*Problem to work on*. Skip the pictures and give back the rest of the listing exactly.

(Data below Opens)

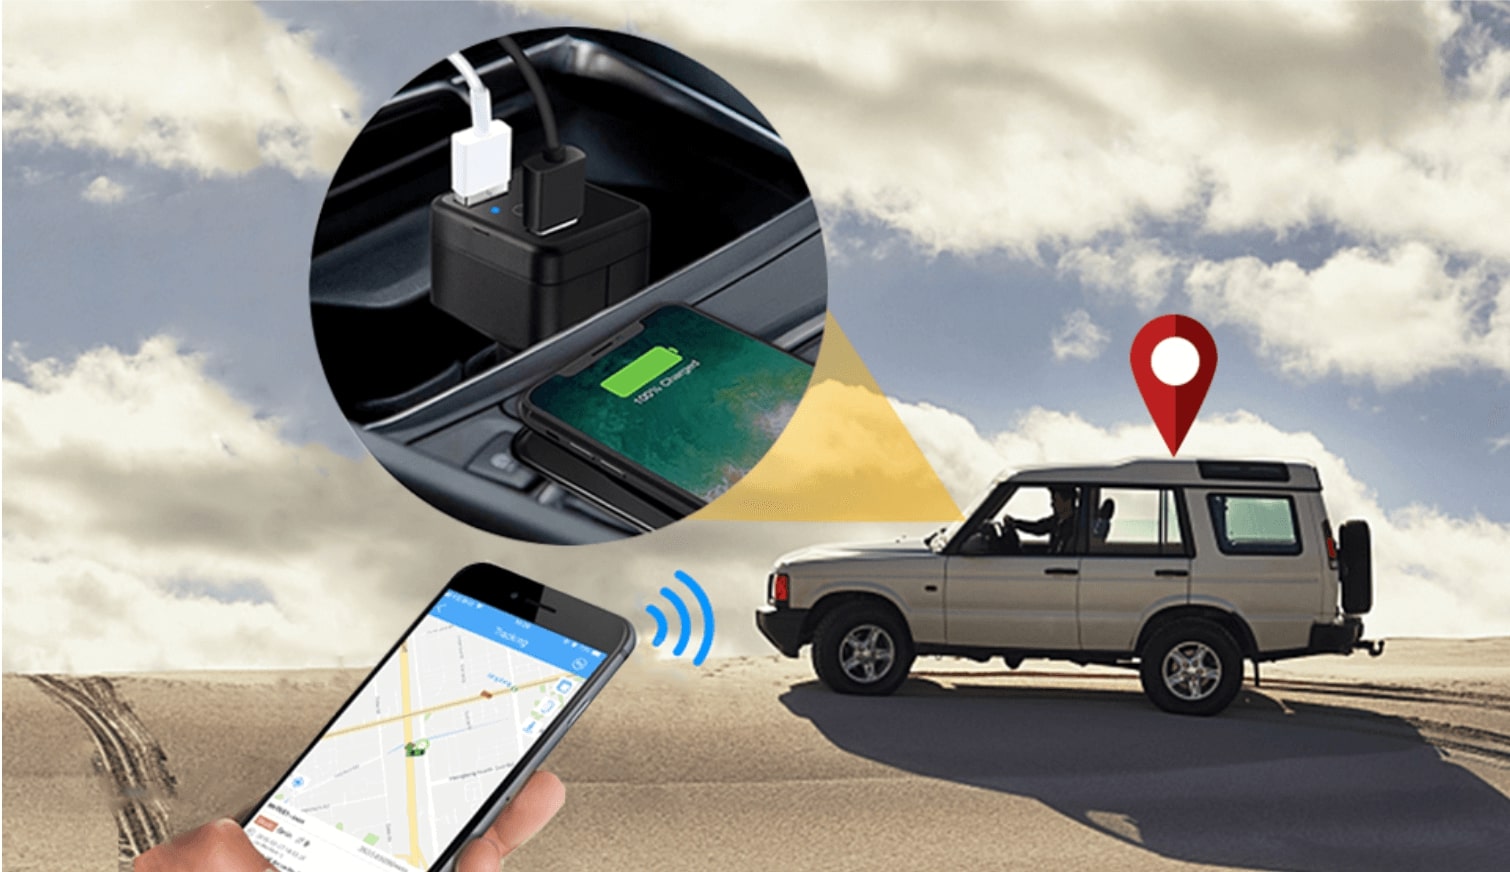 Hướng dẫn cách tắt định vị GPS trên ô tô đơn giản, nhanh nhất>
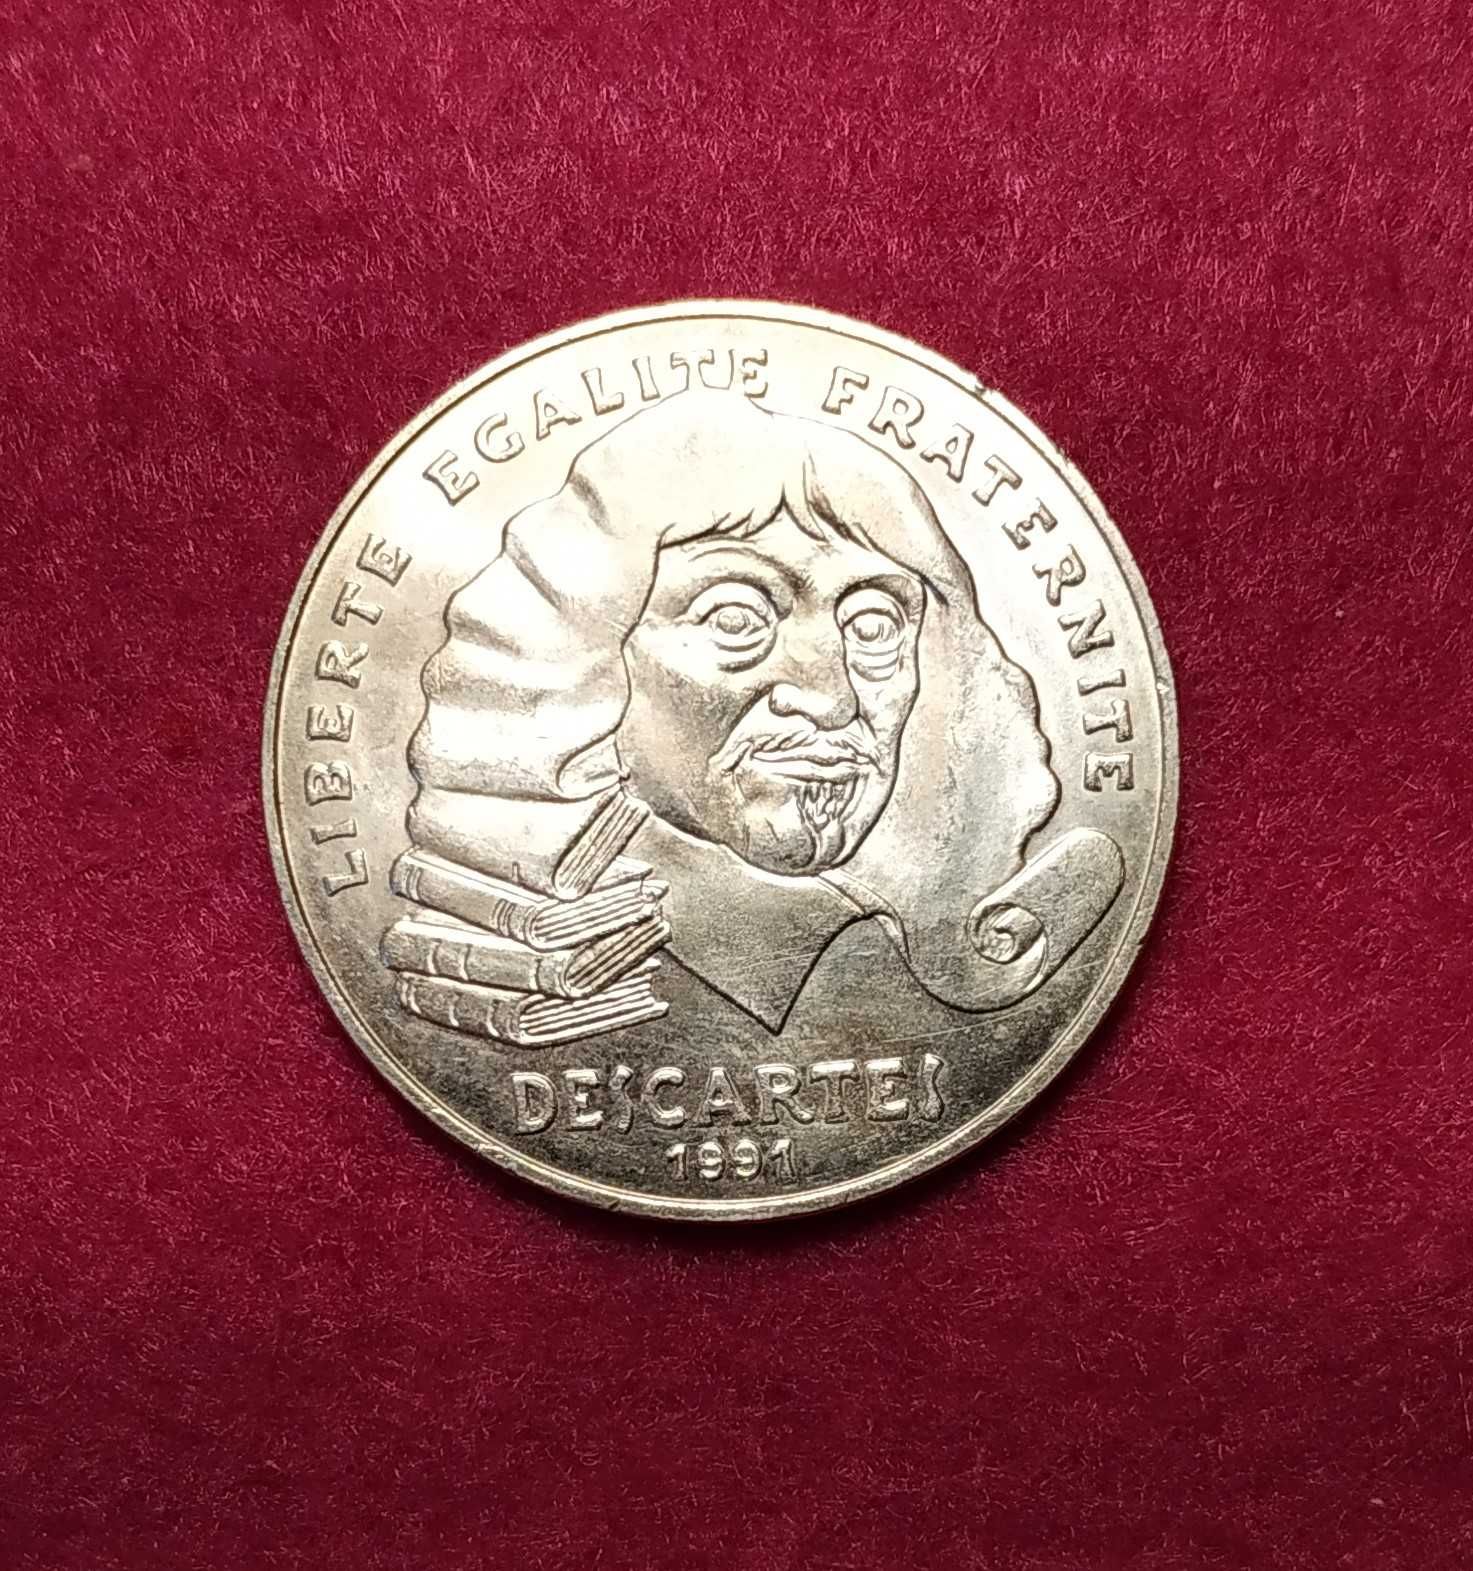 França - moeda em prata de 100 francos de 1991 - Descartes
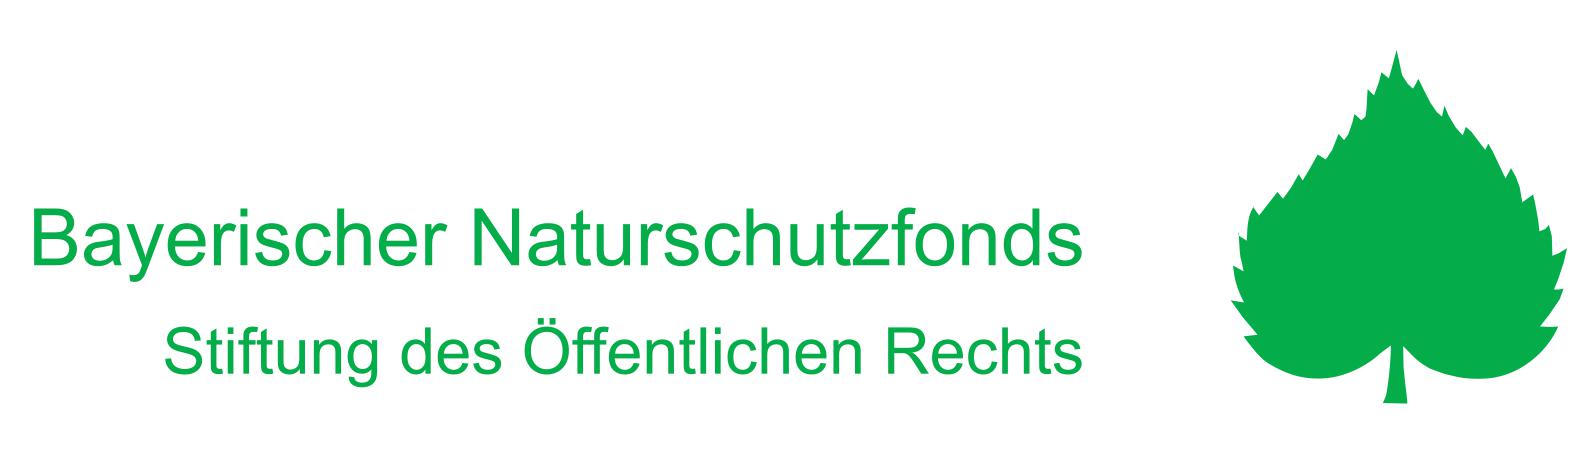 Logo "Bayerischer Naturschutzfonds"
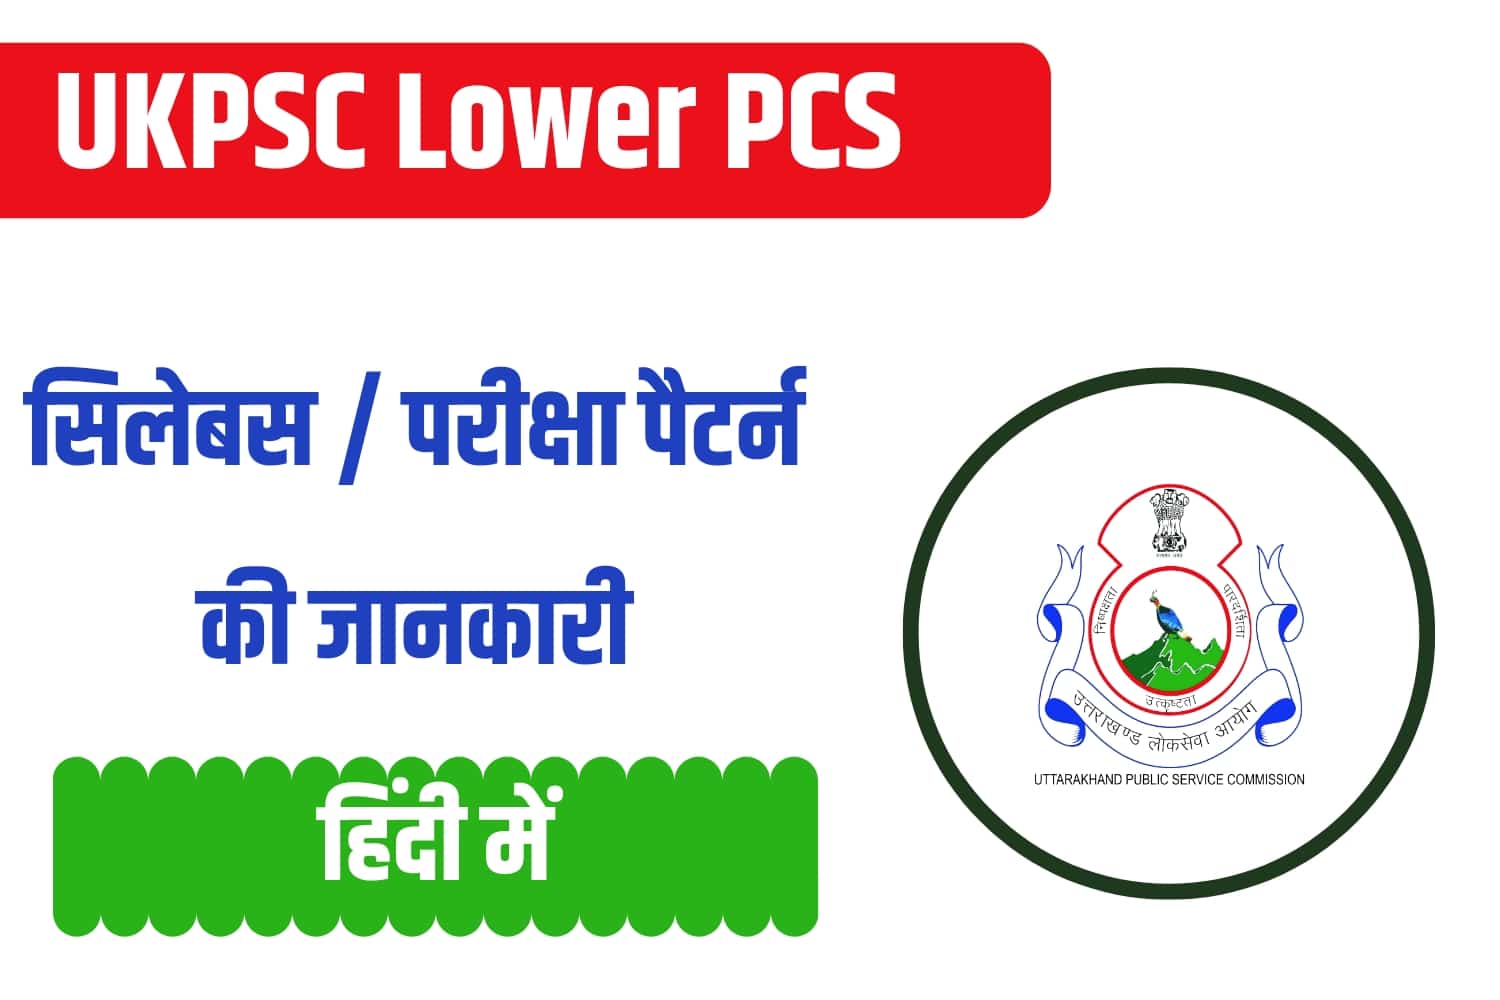 UKPSC Lower PCS Syllabus In Hindi | उत्तराखंड लोअर पीसीएस सिलेबस हिंदी में

(Data below Closes)

*Written solution*.
 Hướng dẫn cách tắt định vị GPS trên ô tô đơn giản, nhanh nhất>
 França - moeda em prata de 100 francos de 1991 - Descartes
 Logo "Bayerischer Naturschutzfonds"
 UKPSC Lower PCS Syllabus In Hindi | उत्तराखंड लोअर पीसीएस सिलेबस हिंदी में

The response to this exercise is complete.